Franz Kafka (1883-1924)
Franz Kafka was one of the major German-language fiction writers of the 20th century. He was born to a Jewish family in Prague. His most famous works are The Trial, Metamorphosis, The Castle, and Amerika. Kafka often described surreal and suffocating worlds of confusion in his books. Today, many use the adjective Kafkaesque to mean “living in absurdity.” When in Prague, you can visit the Franz Kafka Museum.
Karel Čapek (1890-1938)
Czech writer and playwright. Karel and his brother Josef first introduced the word “robot” in their science-fiction play R.U.R. in 1921. Čapek also wrote many politically fueled works dealing with the social turmoil of his time. Čapek campaigned in favor of free expression and strongly opposed the rise of both fascism and communism in Europe.
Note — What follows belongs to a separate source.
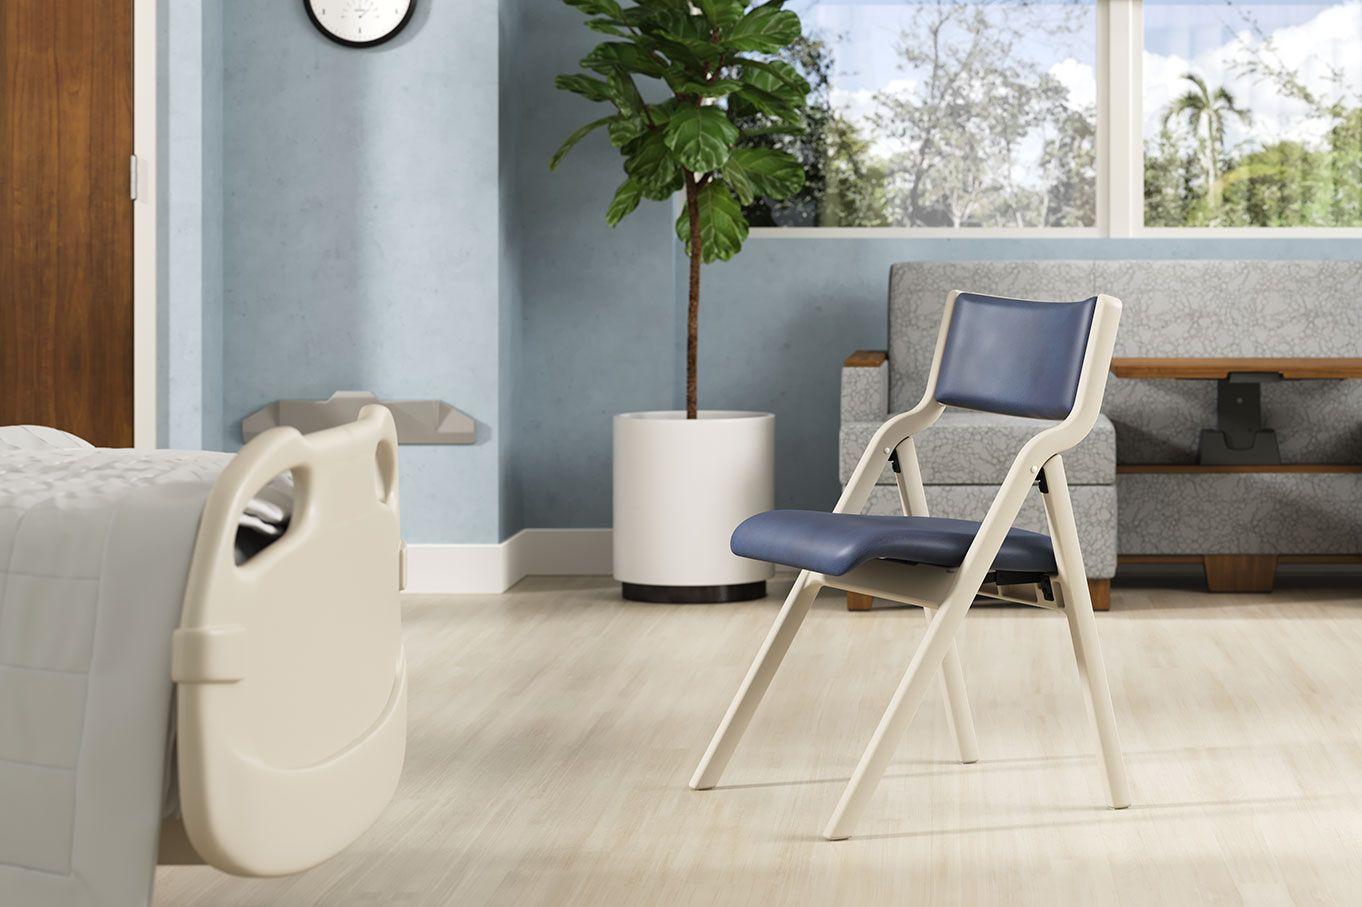 Perk Folding Chair with sleepToo® Wieland Healthcare

Though nominated for the Nobel Prize in Literature seven times,Čapek never received it.
Jaroslav Seifert (1901-1986)
Seifert was a writer, poet and journalist. He won the Nobel Prize in Literature in 1984 “for his poetry which endowed with freshness, sensuality and rich inventiveness provides a liberating image of the indomitable spirit and versatility of man.” Seifert published over 30 collections of poems and children’s literature.
Milan Kundera (born 1929)
Another Czech writer Milan Kundera reached the international fame by his novels The Unbearable Lightness of Being (1985) and Immortality (1990). He is acknowledged as one of the world’s best contemporary writers. Kundera became a naturalized French citizen in 1981 after going into exile in 1975.
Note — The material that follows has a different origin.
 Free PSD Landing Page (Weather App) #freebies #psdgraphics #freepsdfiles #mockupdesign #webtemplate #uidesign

Miloš Forman (born 1932-2018)
Miloš Forman was a Czech film director, screenwriter, actor and professor who lived in Czechoslovakia until 1968 before leaving the country for the United States. Forman is considered one of the most significant film directors of his time. He received the Oscars for his films One Flew Over the Cuckoo’s Nest and Amadeus. He also directed a film version of the musical Hair.
Václav Havel (1936-2011)
A well-known dramatist, essayist, former dissident and the first president of the Czech Republic. The central theme of his literary texts is human identity and the mechanisms of dehumanized power. In the 70’s and 80’s Havel became a leading figure in the pro-democracy movement Charter 77. During his lifetime, Havel received numerous state honors and awards. The international airport in Prague was renamed to Václav Havel Airport Prague in 2012.
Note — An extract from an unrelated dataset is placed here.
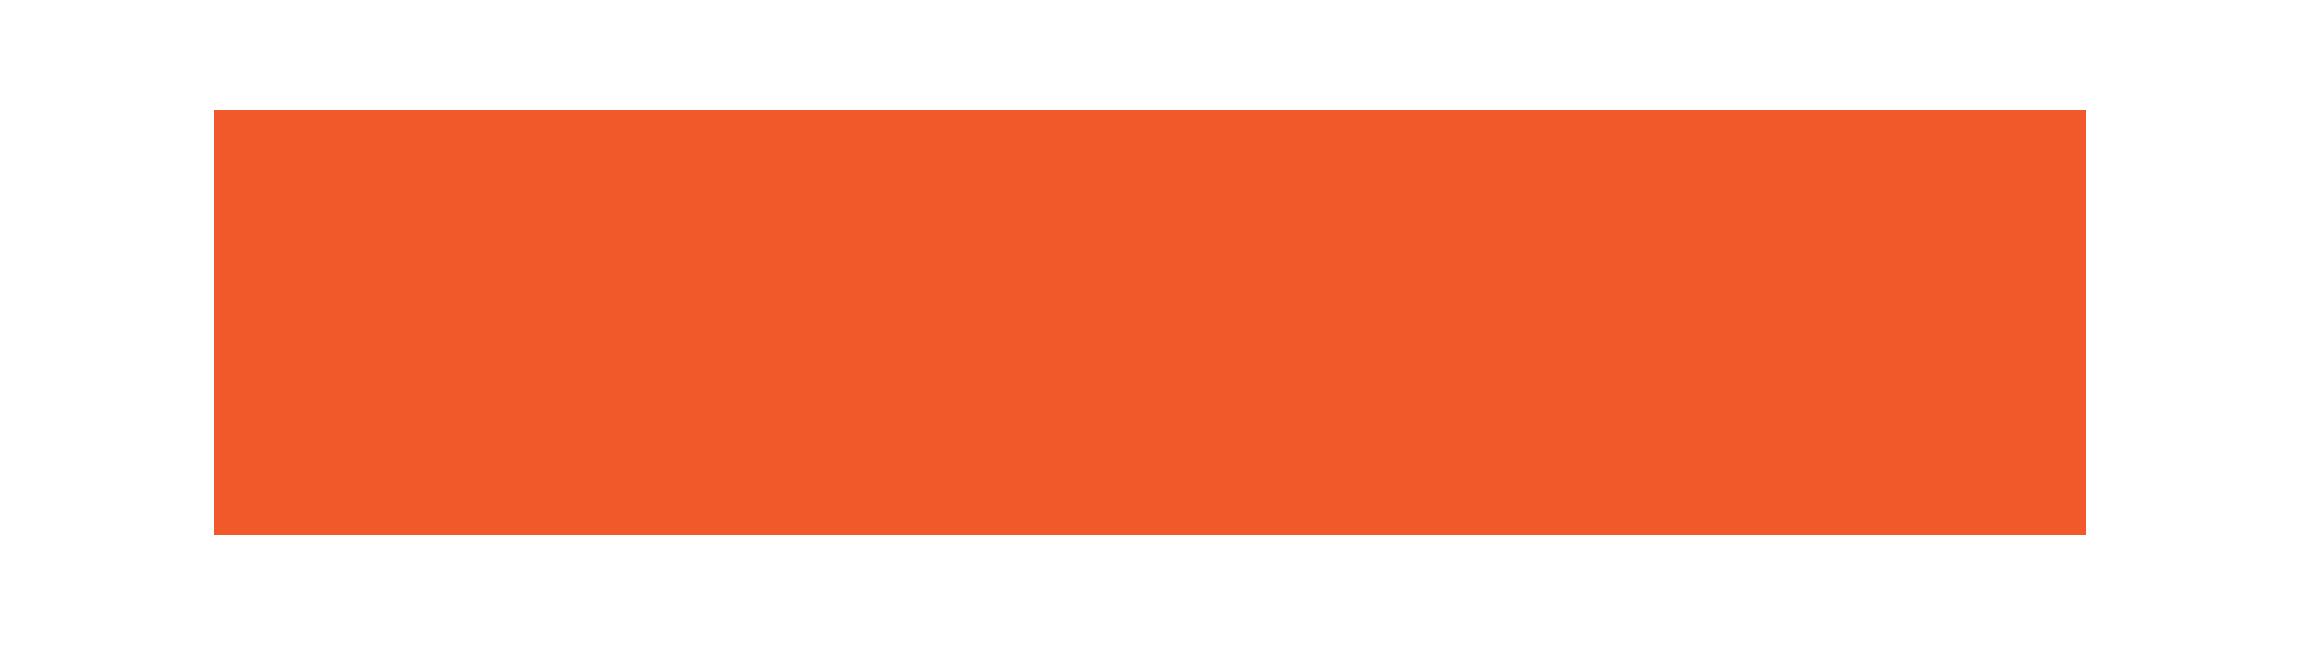 pandect bioventures

Martina Navrátilová (born 1956)
Navrátilová is a former tennis player. She was world No. 1 for a total of 332 weeks in singles, and a record 237 weeks in doubles, which makes her the only player in history to have held the top stop in both singles and doubles for over 200 weeks. She won 18 Grand Slam singles titles, 31 major women’s doubles titles and 10 major mixed doubles titles. Navrátilová holds the records for most singles (167) and doubles titles (177) in the Open Era. She is considered one of the best female tennis players of all time.
Jaromír Jágr (born 1972)
Jágr has the second-most points in National Hockey League (NHL) history, after Wayne Gretzky. He is the most productive European player who has ever played in the NHL and is considered one of the greatest professional hockey players of all time. Jágr is a member of the Triple Gold Club, individuals who have won the Stanley Cup, the Ice Hockey World Championships and the Olympic gold medal in ice hockey.
Ester Ledecká (born 1995)
Ledecká is a professional Czech snowboarder and alpine skier. At the 2018 Winter Olympic Games in Pyeongchang, Ledecká won gold medals in the super-G in alpine skiing, and in the parallel giant slalom in snowboarding, making her the first person to win two gold medals at the same Winter Olympics using two different types of equipment. She was the second woman to win Olympic gold in two separate disciplines, but the first one to do so at the same Winter Olympics.